If the baseball stadium does not come to that part of Southeast Washington, Liebert said, he wouldn't start on the second and third phases of his 900 residential units as quickly.

Executives at Monument Realty LLC, a District-based developer that has invested some $40 million buying land around the proposed baseball stadium, agreed.

"With baseball down there, when do I start? Immediately," said Jeffrey T. Neal, one of the principals at Monument. "Without baseball? We'll see."

But other developers said the council's reconsideration won't stop their plans to develop or move forward in trying to buy more land in the area.

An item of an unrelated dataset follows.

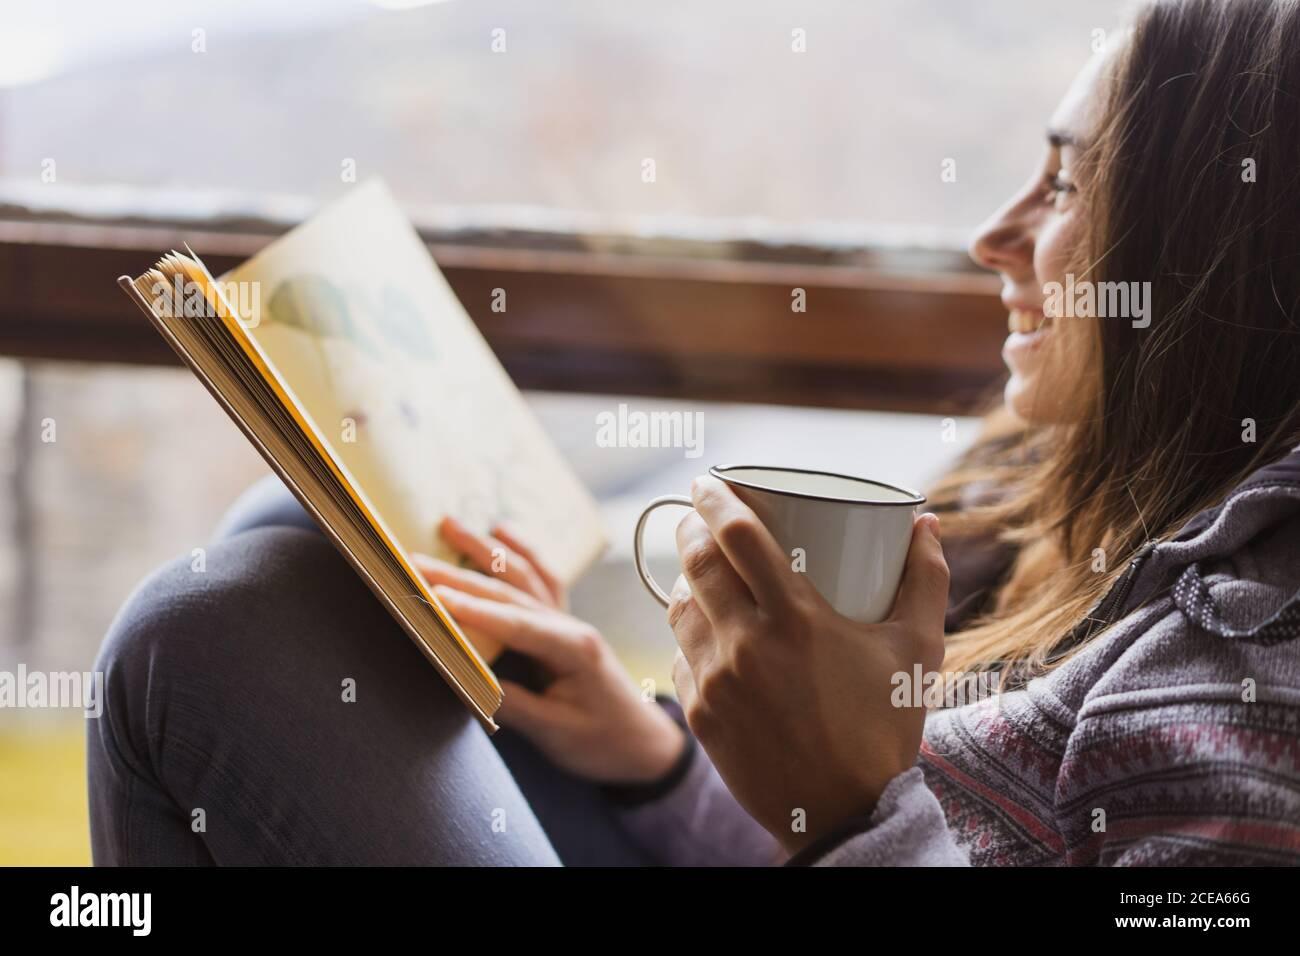 Seitenansicht der jungen Dame mit Tasse frisch heiß Trinken Sie beim Lesen des interessanten Buches, während Sie neben dem riesigen Fenster sitzen Gemütliches Zimmer Stockfoto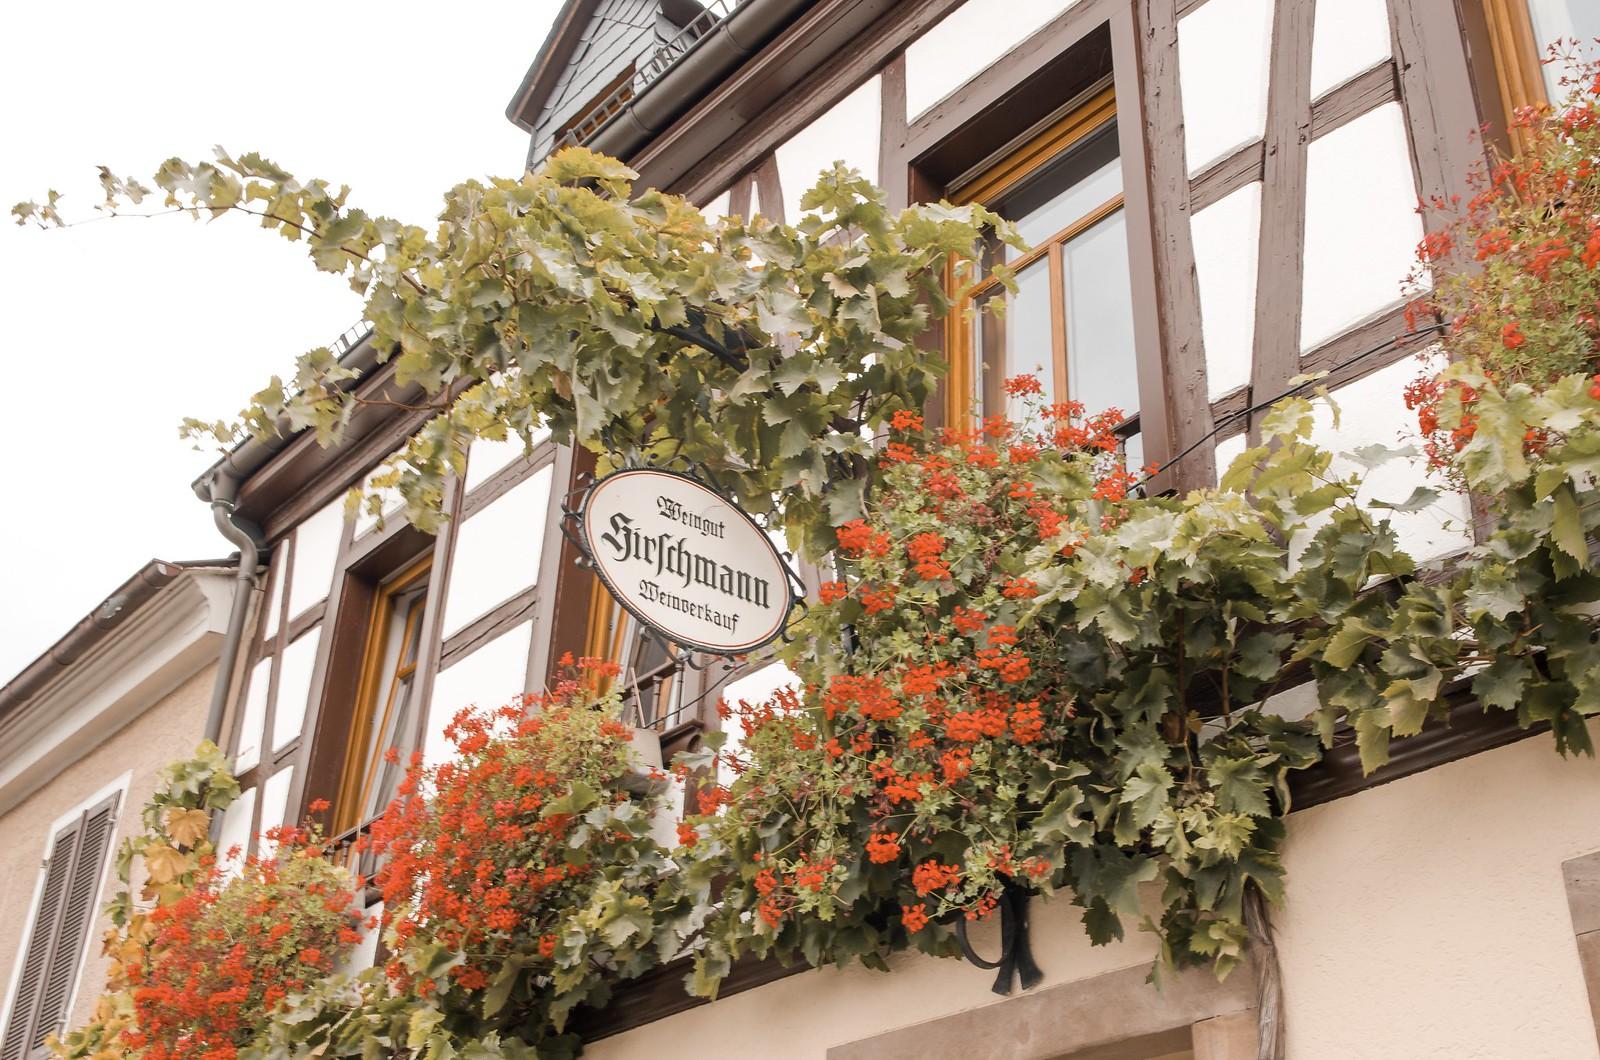 Viaje a región vinícola de Rheingau | ©mvesblog

"We're still interested in other opportunities down there," said Mary Margaret Hiller, a spokeswoman for Akridge, a D.C. developer that has bought a nine-acre parcel near the stadium. "This issue doesn't slow us down from wanting to look in that area. This is going to be the next revitalization area, like Gallery Place. It will still occur with or without baseball."

For the past six months, local and nationally known developers have been pouring millions of dollars into parcels of land around the proposed stadium near Half and South Capitol streets SE. Many have plans to turn what is mostly industrial land with taxicab companies, strip clubs and empty lots into a mix of offices, housing and retail.